BASIC-LEVEL CONCEPTS

The level of abstraction that carries the most information, and at which objects are typically named most readily. For example, subjects would recognize an Australian Shepherd as a dog (that is, basic-level) more easily than as an animal (that is, superordinate-level) or as an Australian Shepherd (that is, subordinate-level).

PRIMING

An experience-based facilitation in perceiving a physical stimulus. In a typical object priming experiment, subjects are presented with stimuli (the primes) and their performance in object naming is recorded. Subsequently, subjects are presented with either the same stimuli or stimuli that have some defined relationship to the primes. Any stimulus-specific difference in performance is taken as a measure of priming.

MAGNETOENCEPHALOGRAPHY

(MEG). A non-invasive technology for functional brain mapping, which provides superior millisecond temporal resolution. It measures magnetic fields generated by electric currents from active neurons in the brain.
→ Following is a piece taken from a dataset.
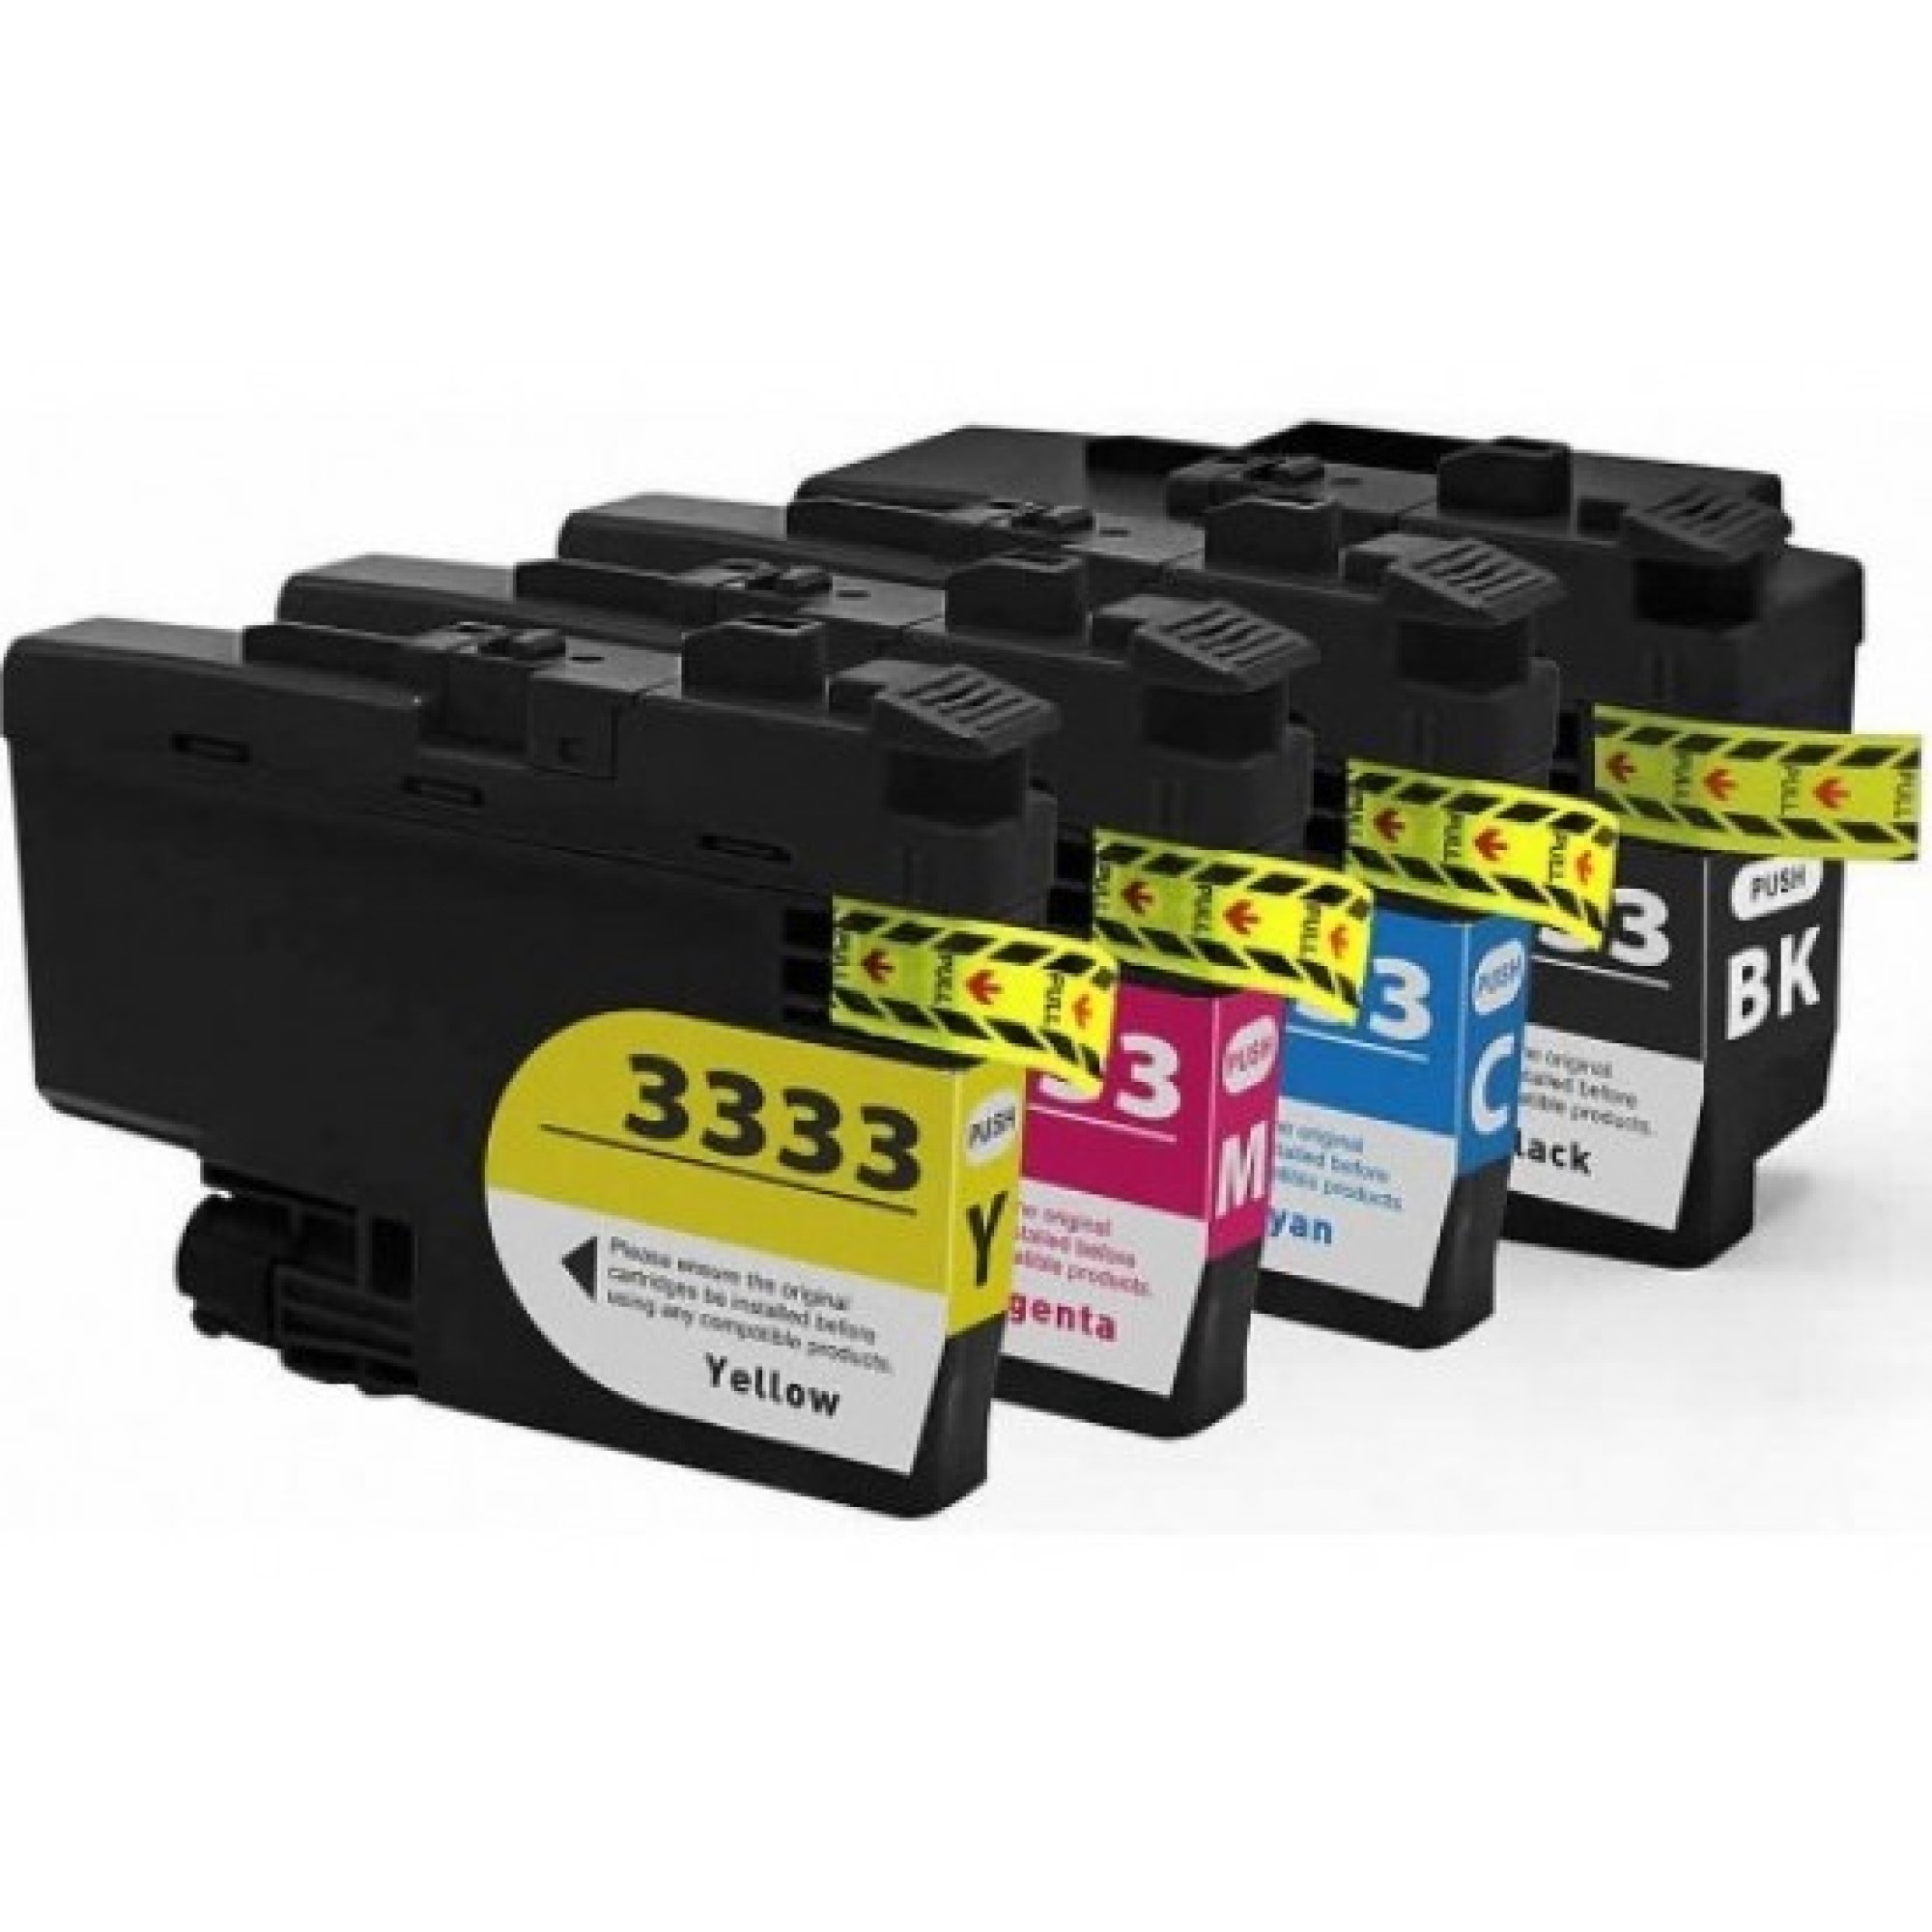 Brother-lc3333-Ink-Cartridge-Yellow

By localizing the sources of these currents, MEG is used to reveal cortical function.

THE N400 SIGNAL

Originally described as a negative deflection in the event-related potential waveform occurring approximately 400 ms following the onset of contextually incongruent words in a sentence. It has consistently been linked to semantic processing. Although it is probably one of the best neural signatures of contextual processing, its exact functional significance has yet to be elucidated.

BAYESIAN METHODS

Use a priori probability distributions derived from experience to infer optimal expectations. They are based on Bayes' theorem, which can be seen as a rule for taking into account history information to produce a number representing the probability that a certain hypothesis is true.

HEBBIAN LEARNING

Builds on Hebb's learning rule that the connections between two neurons will strengthen if the neurons fire simultaneously. The original Hebbian rule has serious limitations, but it is used as the basis for more powerful learning rules. From a neurophysiological perspective, Hebbian learning can be described as a mechanism that increases synaptic efficacy as a function of synchrony between pre- and postsynaptic activity.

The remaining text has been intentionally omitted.